## WHAT IS NEEDED
Please output every line of the material as it stands, without the pictures.

::: INPUT DATA

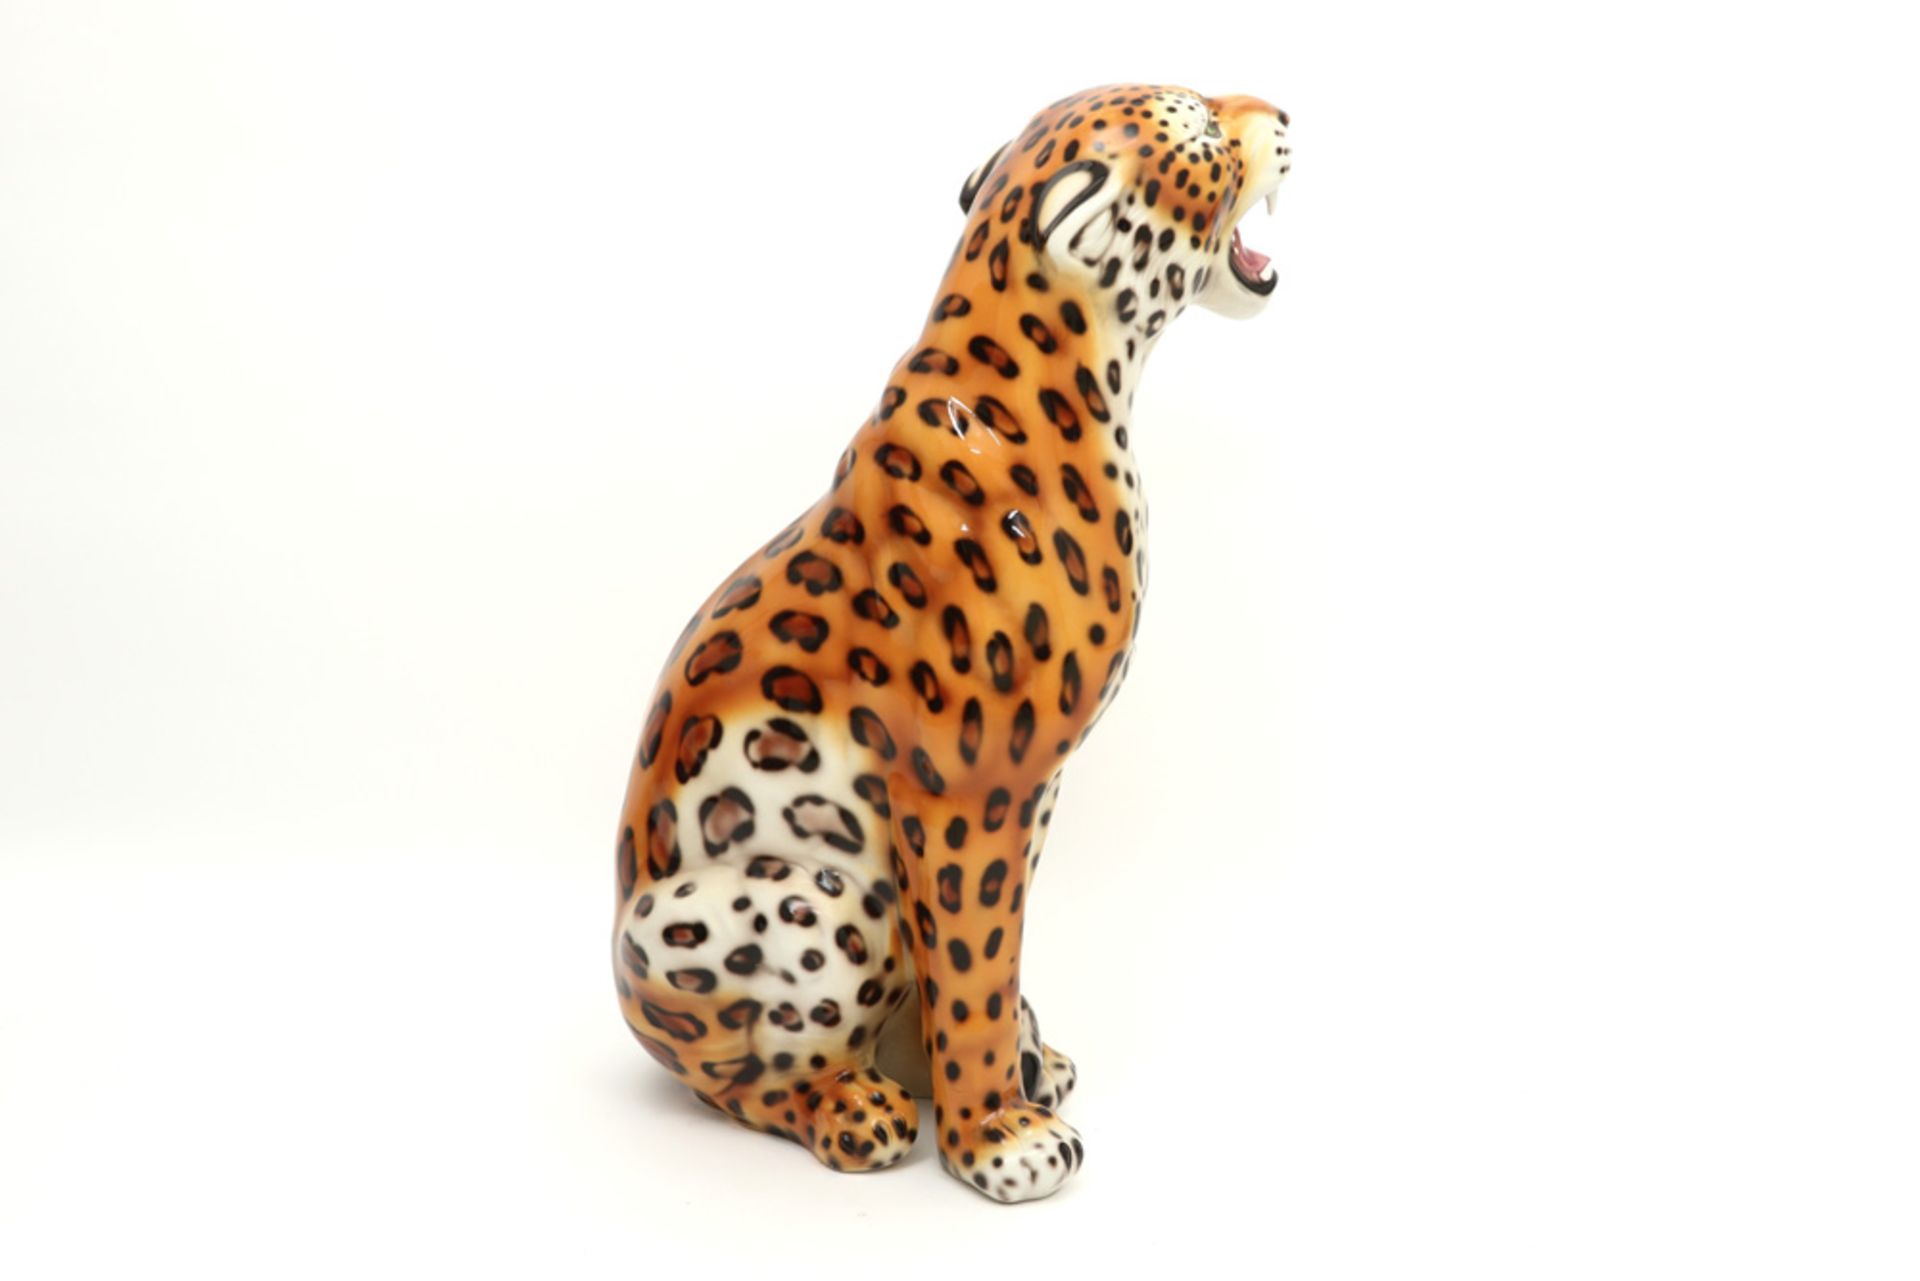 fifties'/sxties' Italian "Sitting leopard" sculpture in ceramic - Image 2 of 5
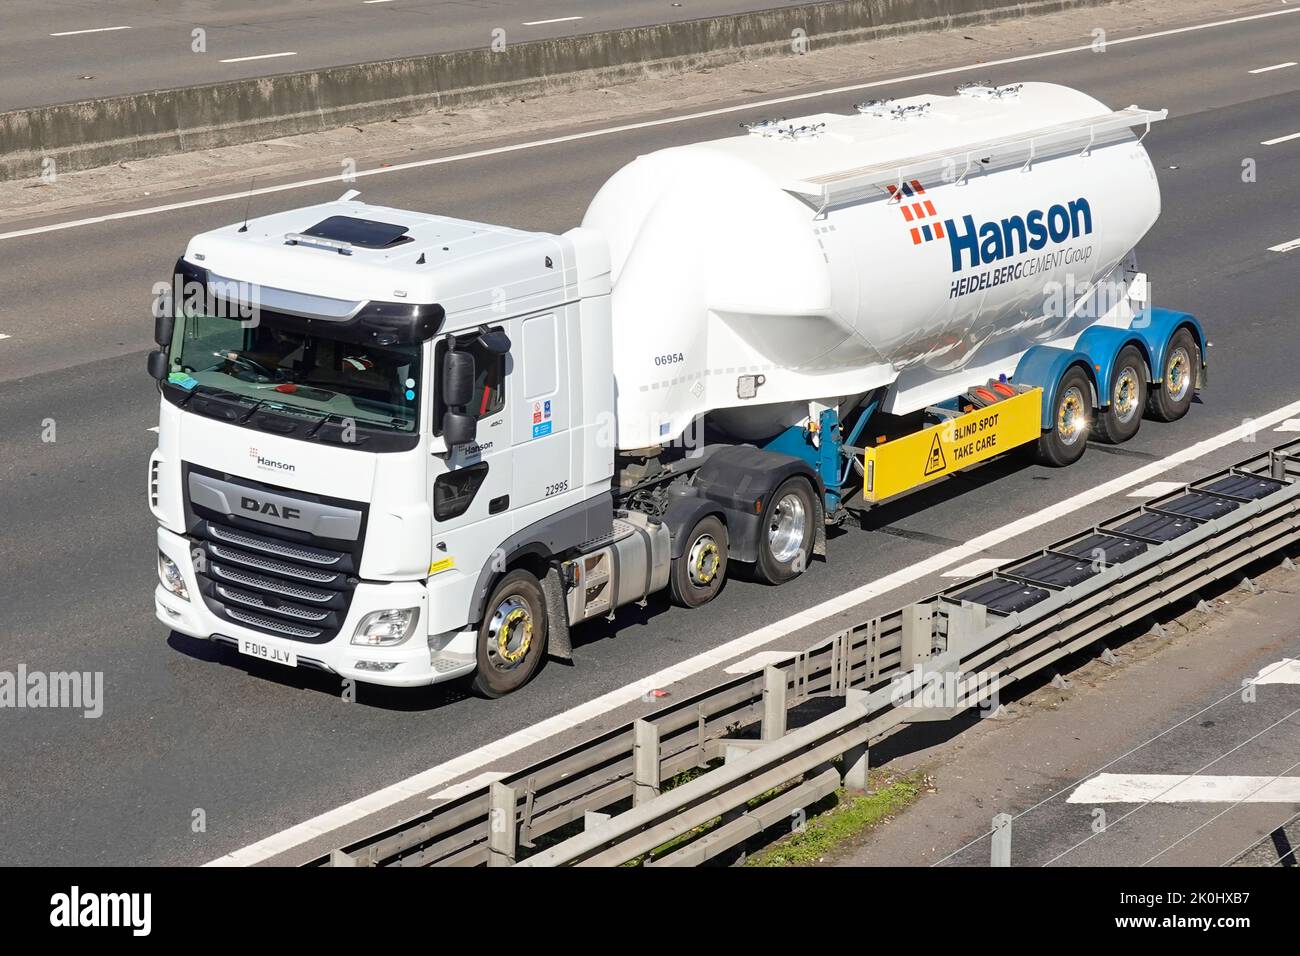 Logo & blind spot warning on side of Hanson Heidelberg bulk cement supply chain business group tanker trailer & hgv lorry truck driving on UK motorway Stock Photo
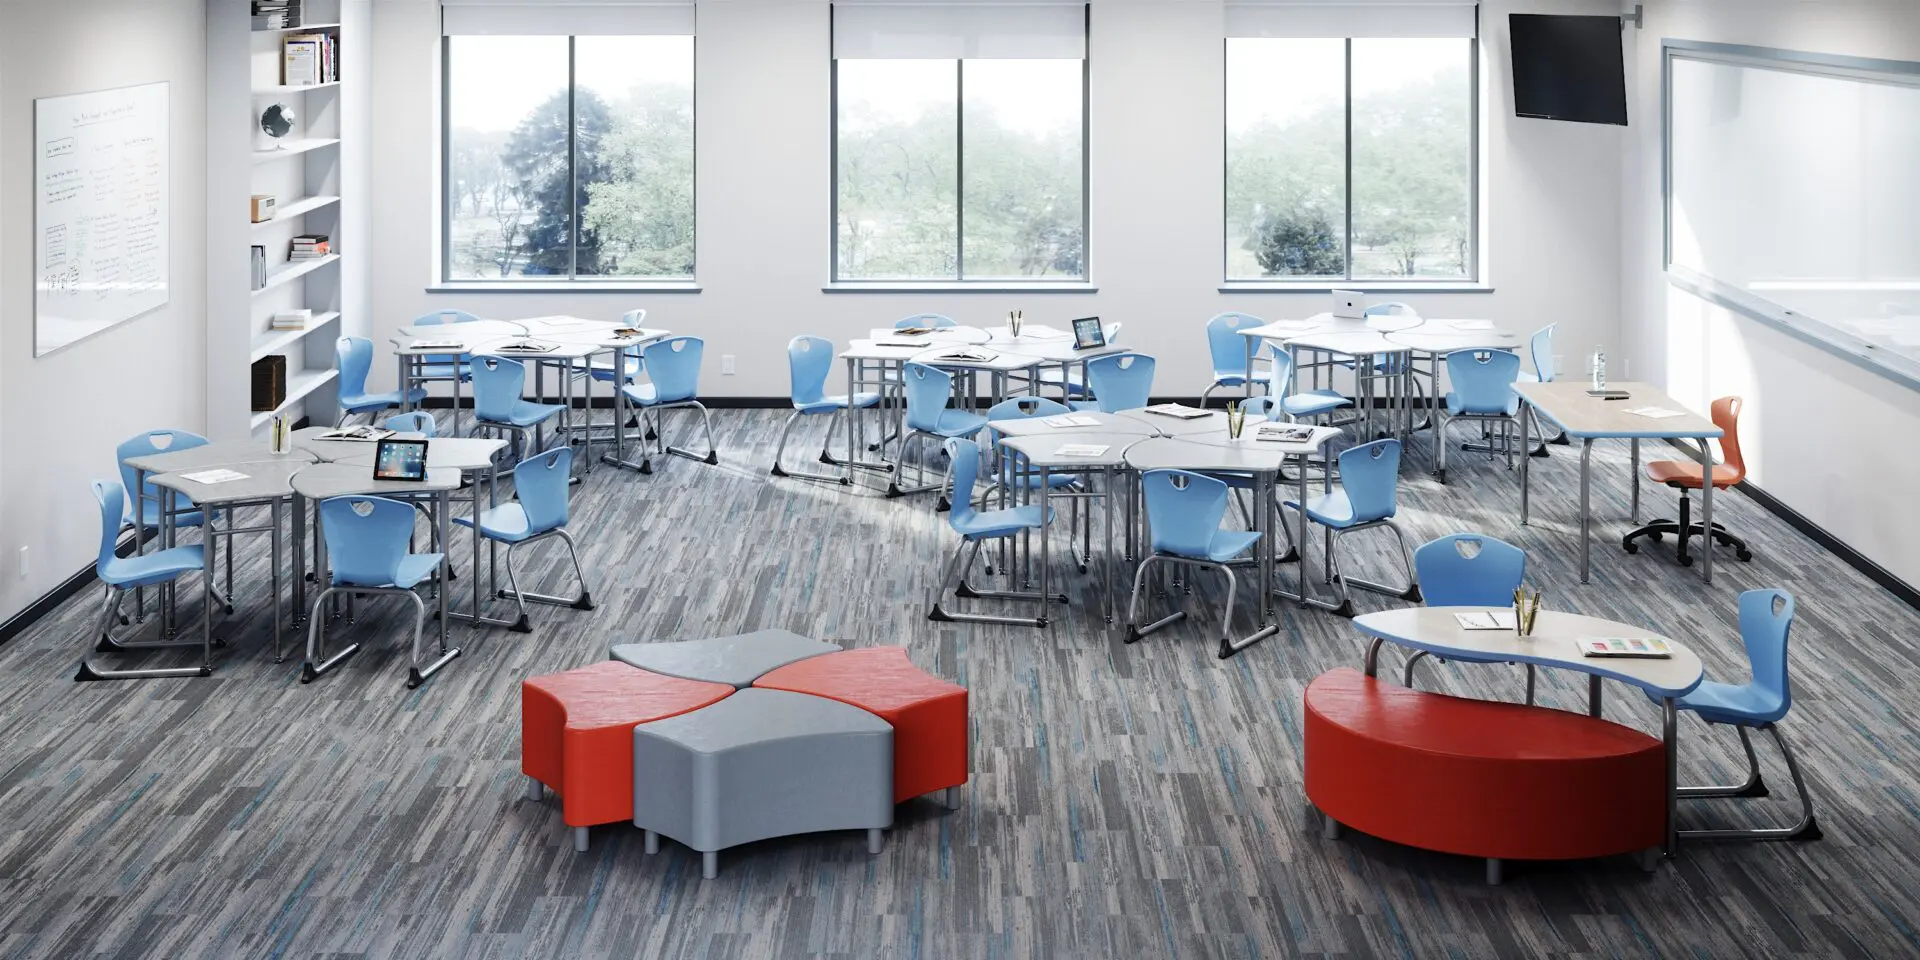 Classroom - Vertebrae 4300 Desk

::::::

## RESPONSE TO THE EXERCISE
 fifties'/sxties' Italian "Sitting leopard" sculpture in ceramic - Image 2 of 5
 Logo & blind spot warning on side of Hanson Heidelberg bulk cement supply chain business group tanker trailer & hgv lorry truck driving on UK motorway Stock Photo
 Classroom - Vertebrae 4300 Desk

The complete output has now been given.